# Cadet related websites



## CADPAT SOLDIER (18 Mar 2005)

A new website is being built by a member of this forum "www.cadettips.com " and is being set up as a unoffical "Help " page ( and at personal expense to the builder I might add ) so as my poll says do you think the market for cadets "help " websites is already overcrowded?


----------



## cpl-cam (18 Mar 2005)

Well, now I look like a shameless self promoter.
As you'll all notice, the sites not up yet, the cheque's in the mail


----------



## CADPAT SOLDIER (22 Mar 2005)

Ok the sitee is up and there is a open invation for some submissions  check it out www.cadettips.com


----------



## patt (22 Mar 2005)

www.cadet-world.com


----------



## cpl-cam (22 Mar 2005)

patty said:
			
		

> www.cadet-world.com



Well who hasnt heard of cadet world?
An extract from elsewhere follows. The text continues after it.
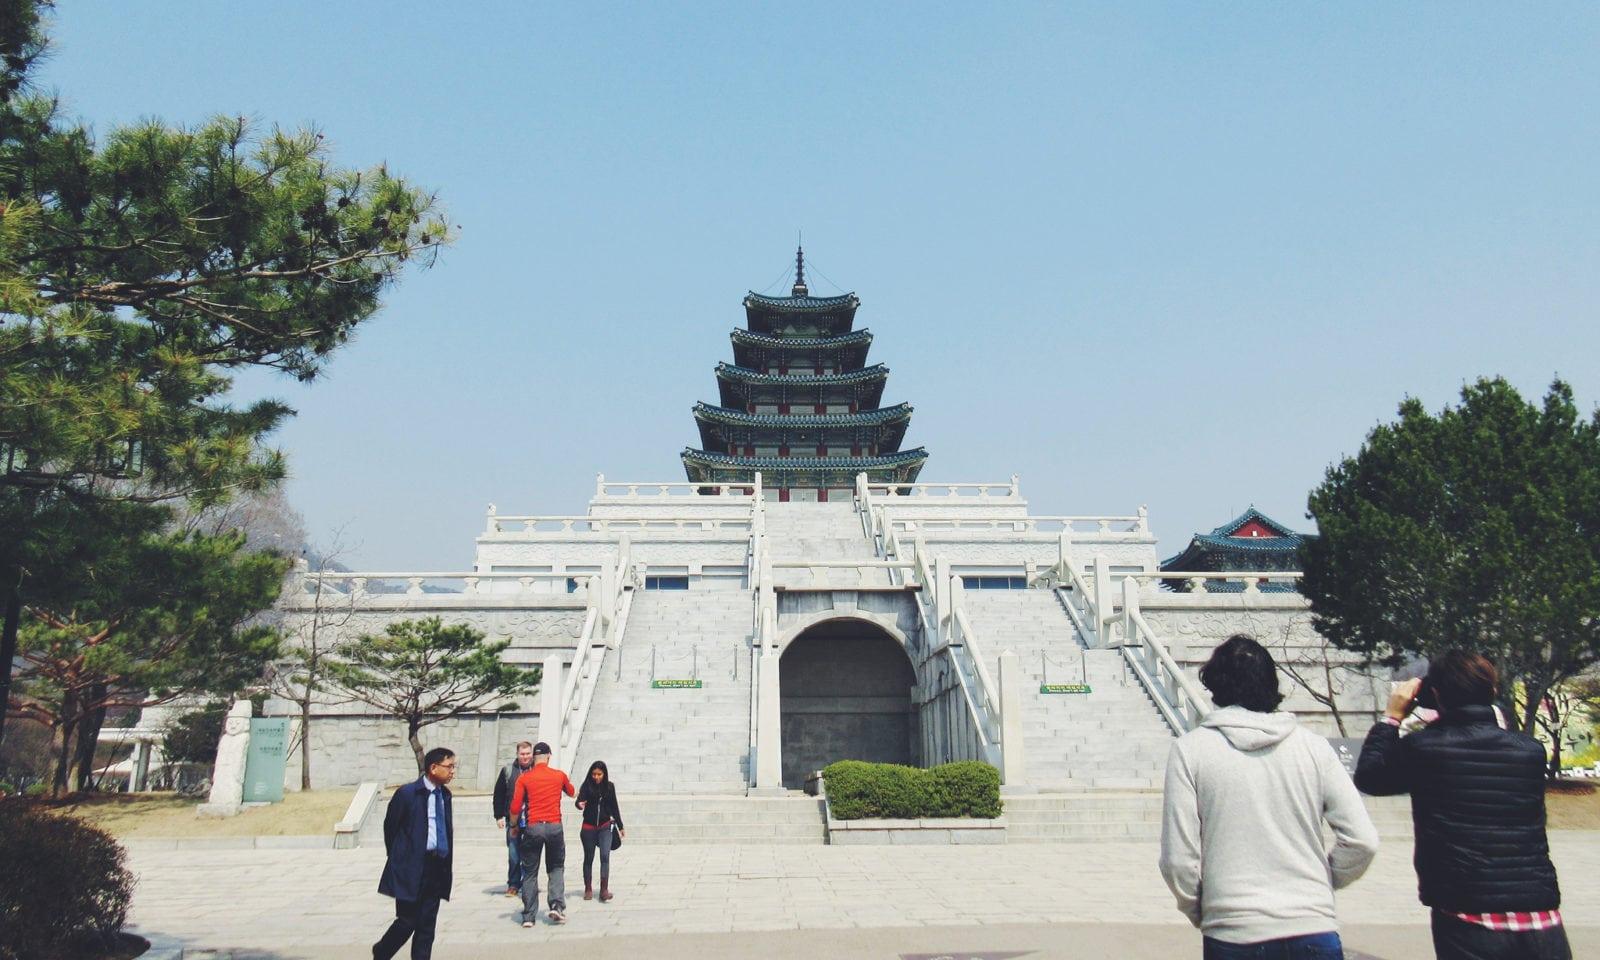 National Folk Museum of Korea | Jongno-gu, Seoul

But they're a forum, I'm not.


----------



## Jonny Boy (11 May 2005)

out of all the cadet forums i have seen this one would have to be the best. people don't post stupid things and if they do it is corrected right away.


----------



## Burrows (11 May 2005)

-Hutch- said:
			
		

> out of all the cadet forums i have seen this one would have to be the best. people don't post stupid things and if they do it is corrected right away.



Thanks for the compliments -Hutch-   Its all because of our great members with heads on their shoulders.

Cam,
Nice unique layout keep up the good work.


----------